In the wafer protective film composition for laser dicing of the present invention, water is used as the solvent, but an organic solvent may be mixed and used to increase the film thickness of the protective film composition or to improve the coating property. Examples of the organic solvent include alcohols, ethers, acetates, and the like. More specifically, isopropyl alcohol, propylene glycol monomethyl ether acetate (PGMEA), propylene glycol monomethyl ether (PGME), butylene carbonate alkylene group, Propylene carbonate, glycerin carbonate, ethylene carbonate and the like. Such an organic solvent can be used 1 type or in mixture of 2 or more types.

The solvent may be included in an amount such that the total weight of the composition constitutes 100% by weight.

The wafer protective film composition for laser dicing of the present invention may further include an antifoaming agent. The antifoaming agent serves to remove bubbles generated in the composition. The type of antifoaming agent in the present invention is not particularly limited, silicone, polysilicon, siloxane, polysiloxane and the like can be used.

The antifoaming agent may be included in 0.01 to 5% by weight based on the total weight of the composition. If the antifoaming agent is included in the above range it can be prevented from foaming in the composition without side effects. When the content of the antifoaming agent is included in less than 0.01% by weight, the antifoaming property on the wafer protective film is lowered, and when included in more than 5% by weight may cause a problem that the coating property of the protective film is lowered.

The wafer protective film composition for laser dicing of the present invention may further include one or more additives known in the art for improving performance.

For example, the wafer protective film composition for laser dicing of the present invention may further include a water-soluble surfactant in order to improve the coating property of the composition and to increase the storage stability.

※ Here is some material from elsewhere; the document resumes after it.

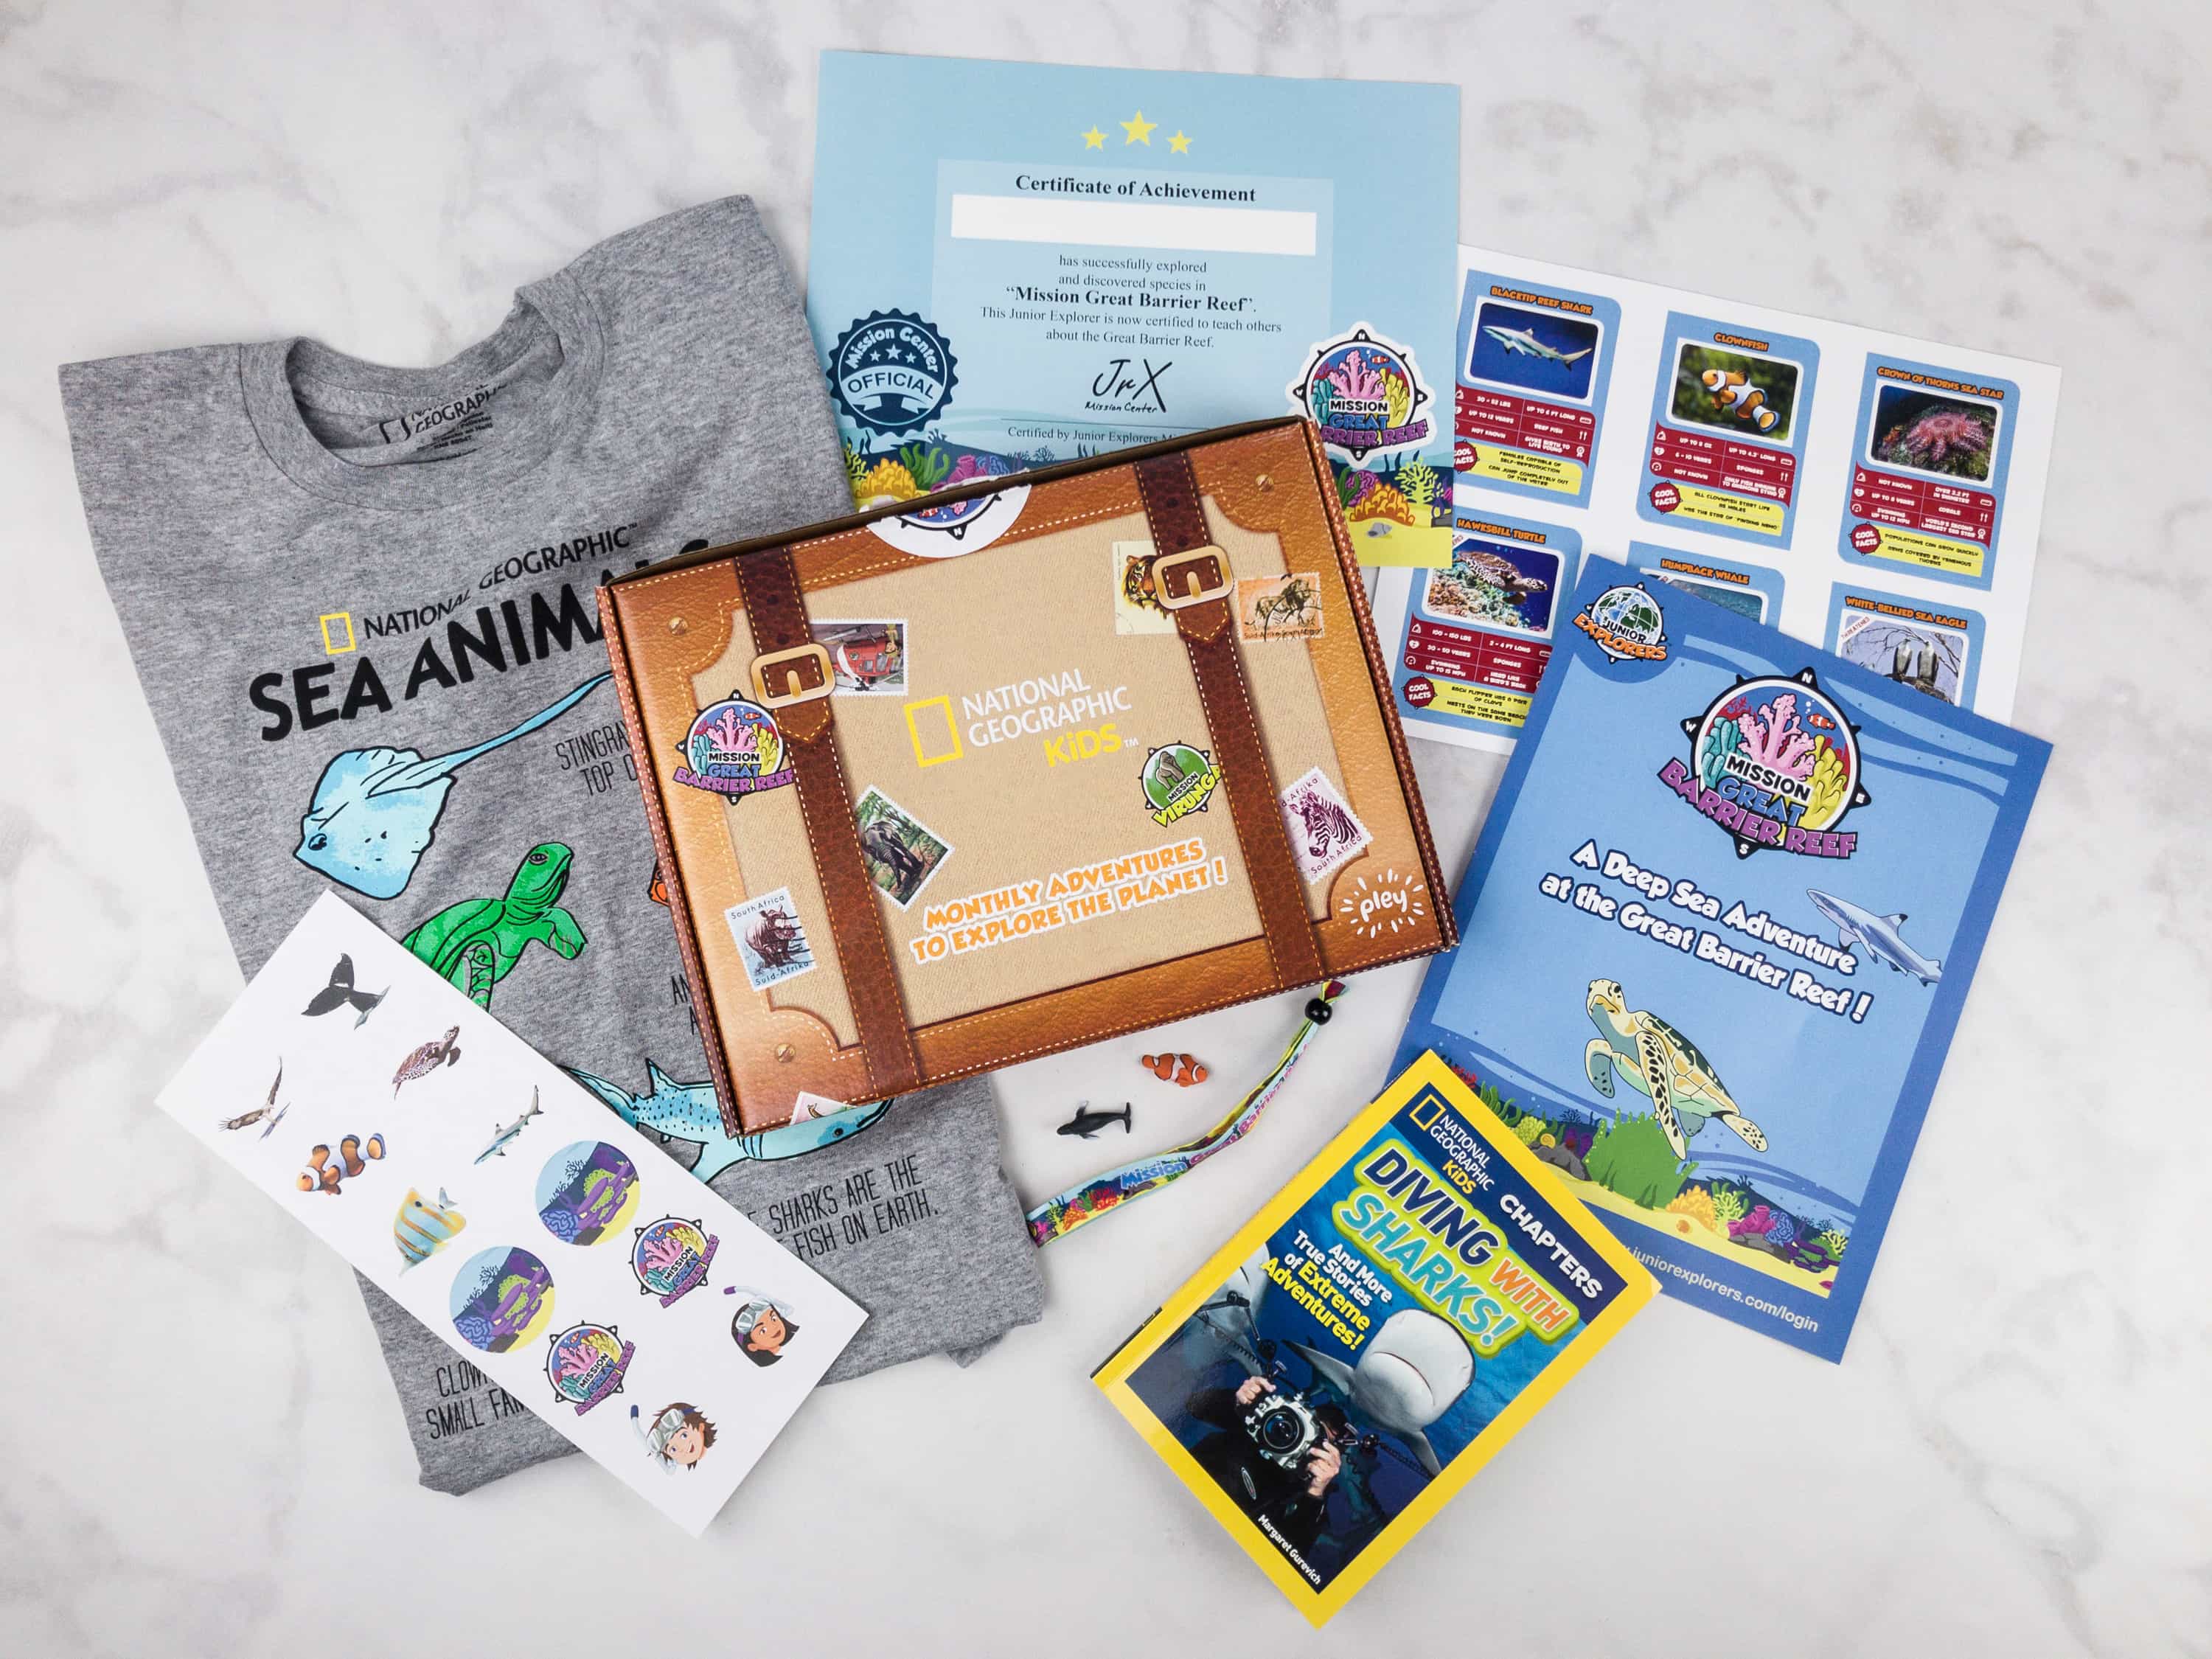 National Geographic Kids Subscription Box Launches from Pley.com - National  Geographic Partners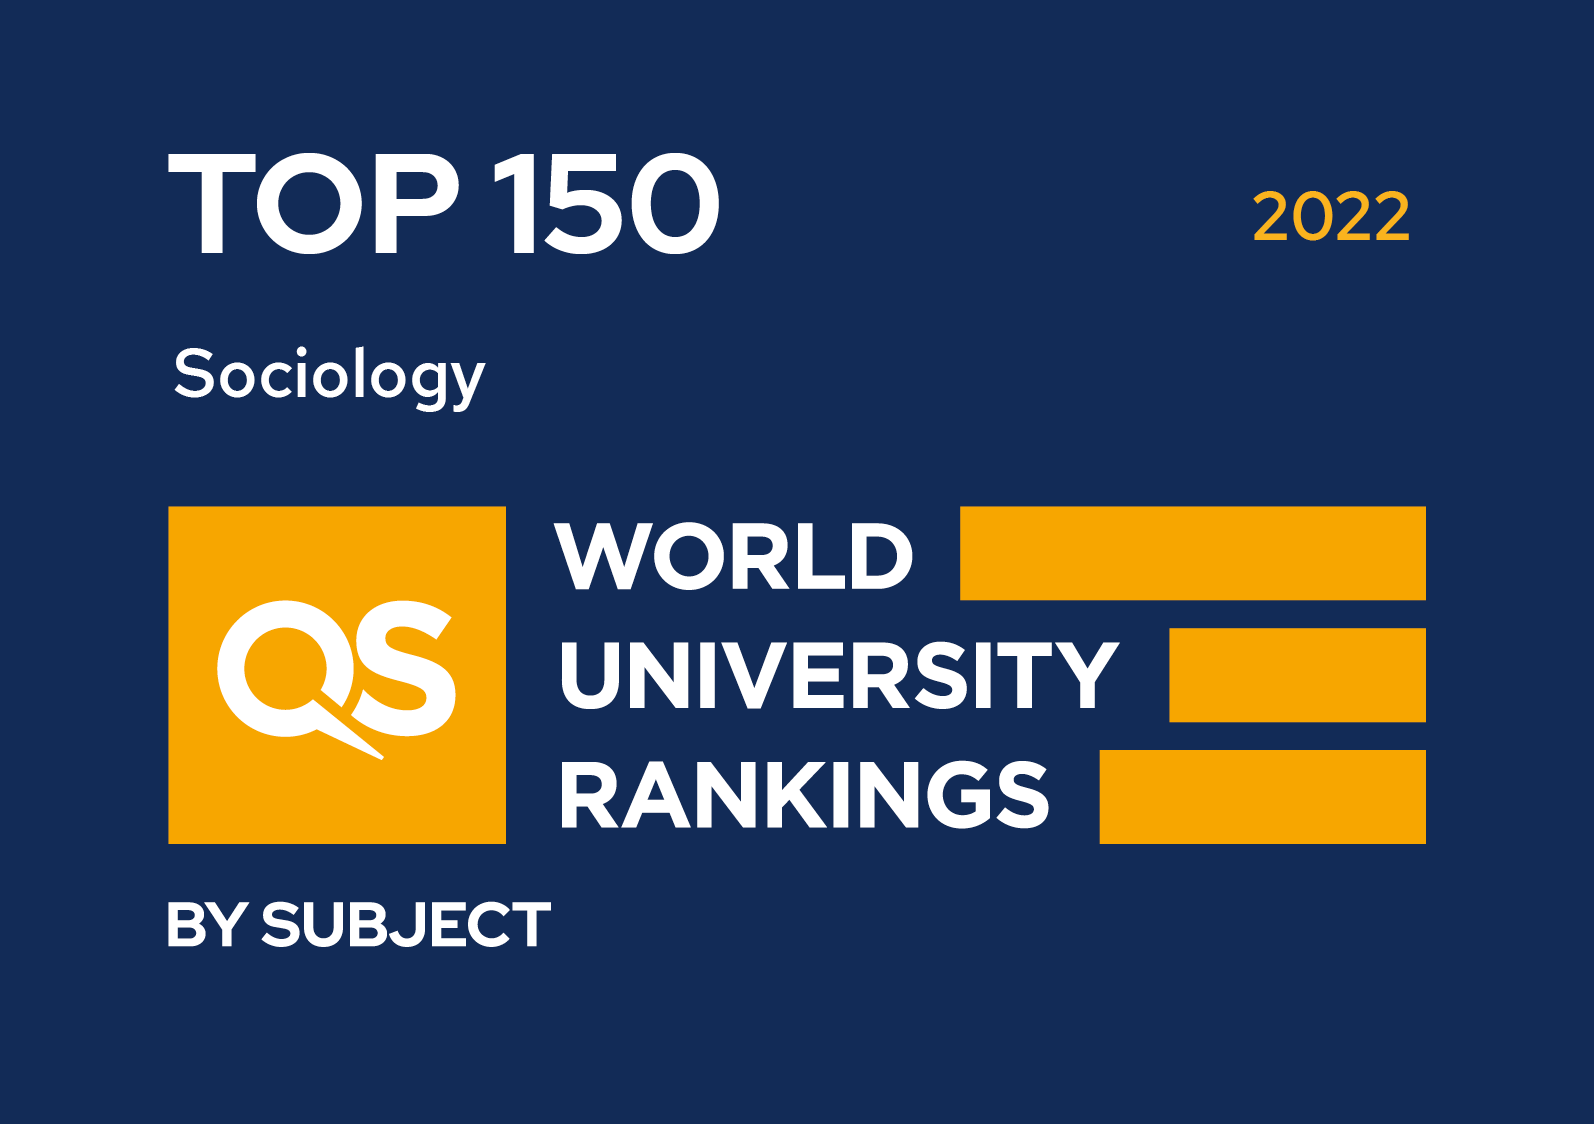 Western is in the top 150 in the world for sociology

Examples of the water-soluble surfactant include polyether-modified alkylsiloxanes, polyether-modified polyalkylsiloxanes, polydimethyl siloxanes of polyether-modified hydroxy functional groups, polyether-polyester-modified hydroxy polyalkylsiloxanes, and nonionic polyacrylic-based water-soluble surfactants. Active agents, alcohol alkoxylates, polymeric fluorine-based water-soluble surfactants, and the like, and these may be used alone or in combination of two or more thereof.

In the wafer protective film composition of the present invention, the water-soluble surfactant is preferably contained in 10 ~ 80ppm relative to the total weight of the resin contained in the composition.

The present invention also relates to a method for manufacturing a semiconductor device, comprising the step of dicing a wafer with a laser using the wafer protective film composition for laser dicing.

The semiconductor device manufactured by the semiconductor device manufacturing method is completely protected by a protective film formed of the wafer protective film composition of the present invention when dicing a wafer by a laser, and after the dicing is completed, the protective film It is easy to clean and has the feature of being manufactured without defects.

Hereinafter, the present invention will be described in more detail with reference to Examples and Comparative Examples. However, the following examples are provided to illustrate the present invention, and the present invention is not limited to the following examples and may be variously modified and changed. The scope of the invention will be defined by the technical spirit of the claims below.

Example  1 to 15 and Comparative Example  1 to 4: laser For dicing  Preparation of Wafer Protective Film Composition

A water-soluble resin, a corrosion inhibitor, an antifoaming agent, and water were added to a mixing tank equipped with a stirrer, and then stirred at a speed of 500 rpm for 1 hour at room temperature to prepare a wafer protective film composition for laser dicing.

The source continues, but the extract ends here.